Tax bar seeing more settlements in disputes with CRA

Tax Court rule changes and higher dollar amounts at stake are among reasons for trend, say lawyers

Tax bar seeing more settlements in disputes with CRA
Margaret Nixon

More disputes between taxpayers and the Canada Revenue Agency are being settled outside of court, according to tax-law experts.

Tax lawyers point to several factors leading to the trend, including Tax Court rule changes, the CRA taking more aggressive assessment positions and increasingly higher amounts at stake in disputes.

In 2014, to enhance frugality with court resources, Tax Court rule changes allowed the court to order a settlement conference either by request of the parties or through its own initiative, says Margaret Nixon, a partner and litigator in Stikeman Elliott LLP’s tax group. Nixon adds the amendments also allowed for larger costs awards where a settlement offer has been made.

Also encouraging parties to avoid trial is the CRA’s increasingly aggressive assessment positions, says Ron Choudhury, national lead for Miller Thomson LLP’s sales tax speciality group.

The amounts at issue are also on the rise.

“The dollars at stake with tax disputes in Canada are increasing in quantum and magnitude, and as a result, there's a natural tendency to have the certainty that a settlement would provide,” says Larry Nevsky, a partner in Dentons national tax group.

The trend is exemplified in two recent high-profile cases, involving significant sums, says Nixon. CIBC and the CRA had been fighting for years after the bank tried to deduct from their business income the approximately $3 billion in settlement, interest and legal costs they owed from a class-action lawsuit which stemmed from the bankruptcy of Enron. After years of pre-trial motions, the parties were set for a “lengthy trial” but then settled the appeal earlier this year, says Nixon. Another example is the settlement reached in Dec. 2018 between the CRA and Wheaton Precious Metals, which had appealed a reassessment which found income earned by the company’s foreign subsidiaries should been taxed in Canada. The Wheaton case involved hundreds of millions of dollars, says Nixon.

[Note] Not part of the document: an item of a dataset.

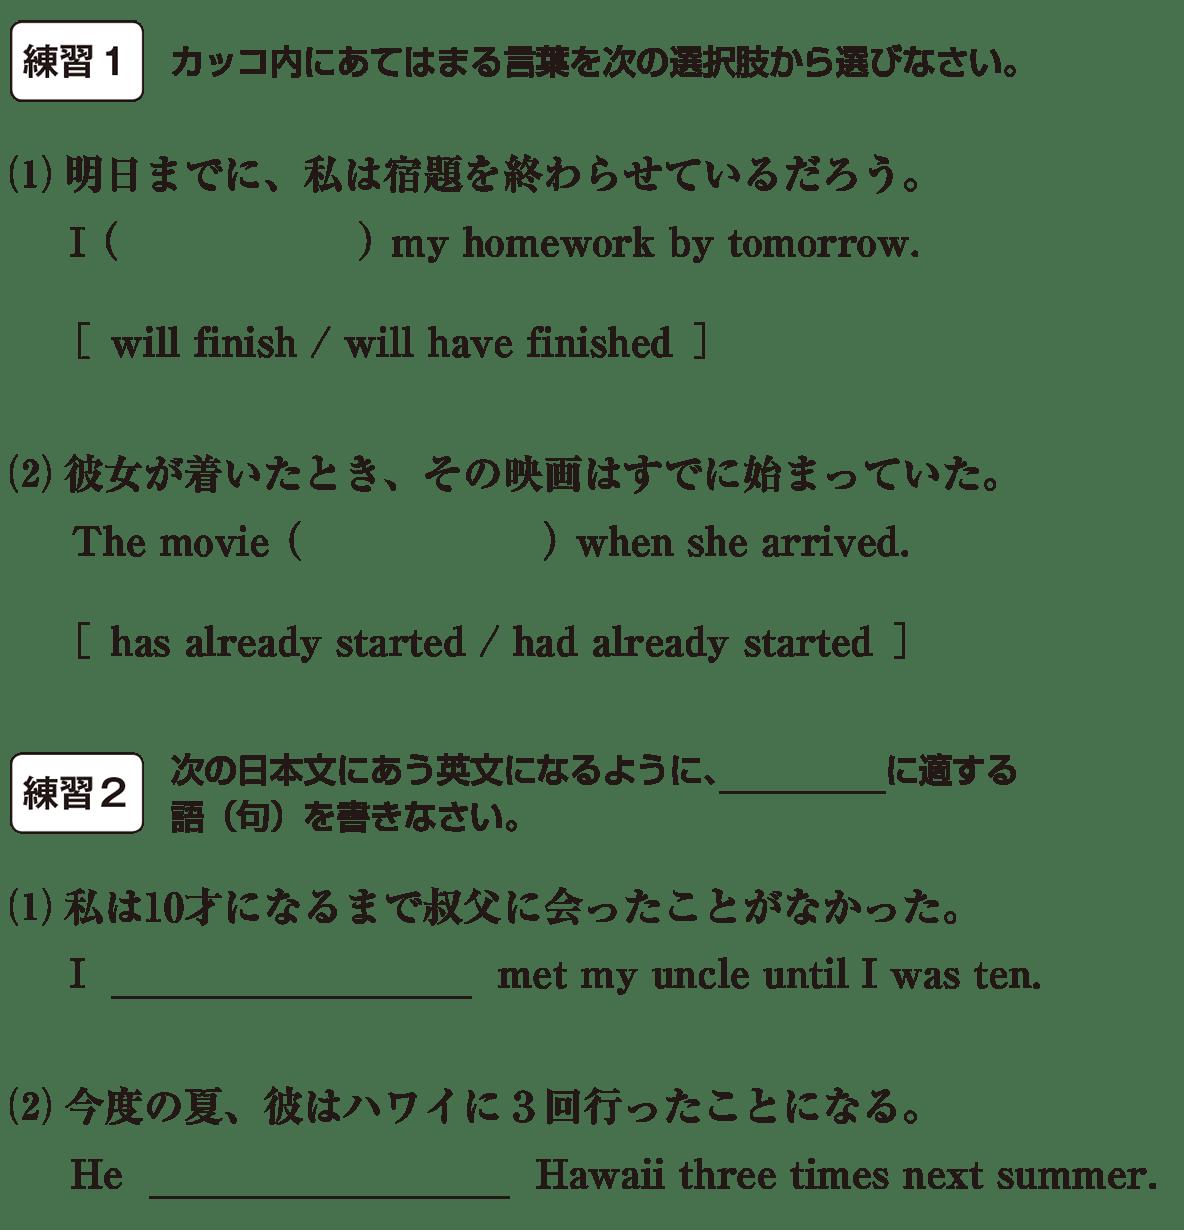 時制20の練習1(1)(2)/練習2(1)(2)

The trend towards more settlements is largely being driven by the Tax Court, she says. Before the 2014 rule-change, costs in tax disputes would be awarded “in accordance with the tariff,” which was a problem because “the amounts in the tariffs are very small and do not even come close to compensating parties for the actual cost of the litigation,” she says.

Under the new rules, if the taxpayer makes a settlement offer at least 90 days before trial and their subsequent judgment is as much or more than the settlement offer, they are entitled to 80 per cent of the legal costs incurred after they made the offer, Nixon says.

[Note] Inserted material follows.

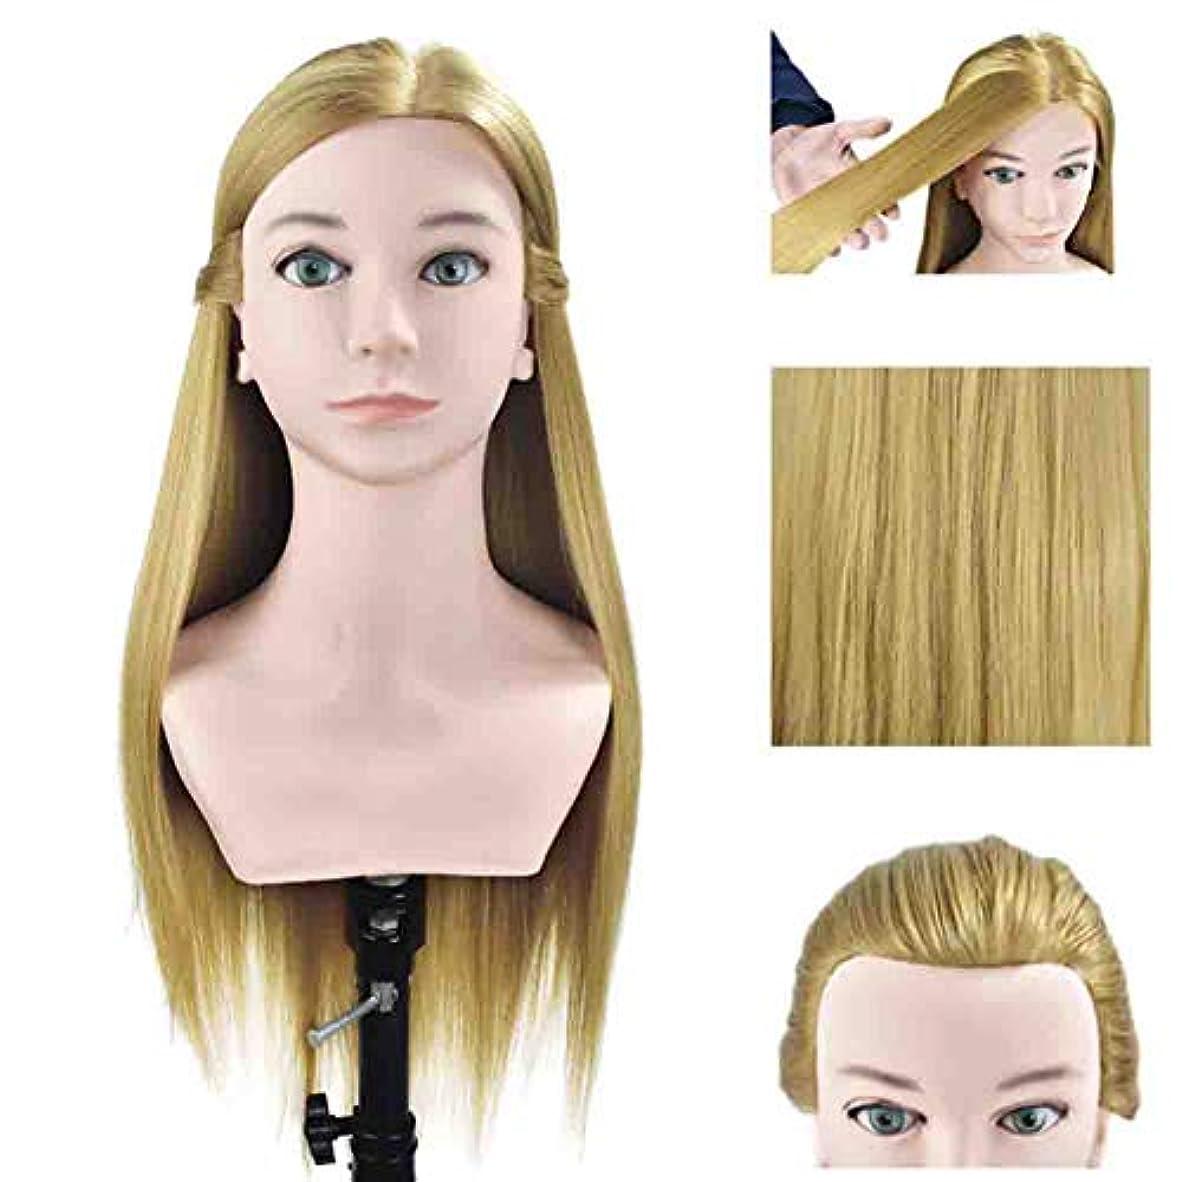 トラフバース相互接続理髪店パーマ髪染め練習かつらヘッドモデルリアルヘアマネキンヘッド化粧散髪練習ダミーヘッド

“There's a similar rule for settlement offers made by the Crown. The awarding of higher costs in tax cases was a strong motivating factor for parties to settle,” she says.

Nixon adds that the court is also taking more frequent advantage of the power to convene settlement conferences, which, along with the rule change increasing cost awards, was done to “encourage settlement” and “preserve judicial resources.”

“Most taxpayers are willing to settle at the right price,” Nixon says. “The challenge is that the Crown can only settle tax disputes on a principled basis. This means that the settlement must be in accordance with the law on the facts as the CRA understands them.”

A settlement in the tax court is unlike a settlement in civil litigation, as the Tax Court is a statutory court, rather than a court of equity, says Choudhury. Unlike settlements in other lawsuits, if the CRA has assessed a taxpayer for $1 million and the taxpayer’s position is that they owe $100,000, they cannot meet in the middle and settle for $550,000. In tax matters, the settlement amount reached is the result of one or the other side conceding on one or more aspects of their case – for example the CRA forgoing a particular taxation year or reporting period – and those concessions must be based on there being no legal justification for the issue conceded to, he says.

As to why these concessions are becoming more numerous, Choudhury says society’s increasing wealth is a key factor, with greater income, leading to larger tax bills and more expensive consequences when losing a fight with the CRA.

“In the past, a $100-million deal used to be a big deal. Nowadays, that's a mid-sized deal. A $500-million deal is a big deal, he says.

Now, with businesses – many owner-operated – seeing GST assessments worth $5 and $10 million, they are increasingly attracted to the certainty of a settlement to avoid litigation and, possibly, a larger assessment, he says.

The higher dollar amounts are exacerbated by a more aggressive tax man, says Choudhurry.

“The CRA is taking an increasingly aggressive assessment position,” he says. “We're seeing that they are taking assessment positions that are sometimes just not sustainable.”

Whether caused by the money at stake, the rule changes or the positions taken by the CRA, the higher rate of settlements are a step in the right direction and welcomed by the tax bar, says Nixon.

“Overall the tax bar has reacted positively to the trend towards settlement,” she says. “Many practitioners felt that the rule change regarding enhanced cost towards where a settlement offer has been made was long overdue, the tariff was simply inadequate to address the rising cost and complexity of tax disputes.”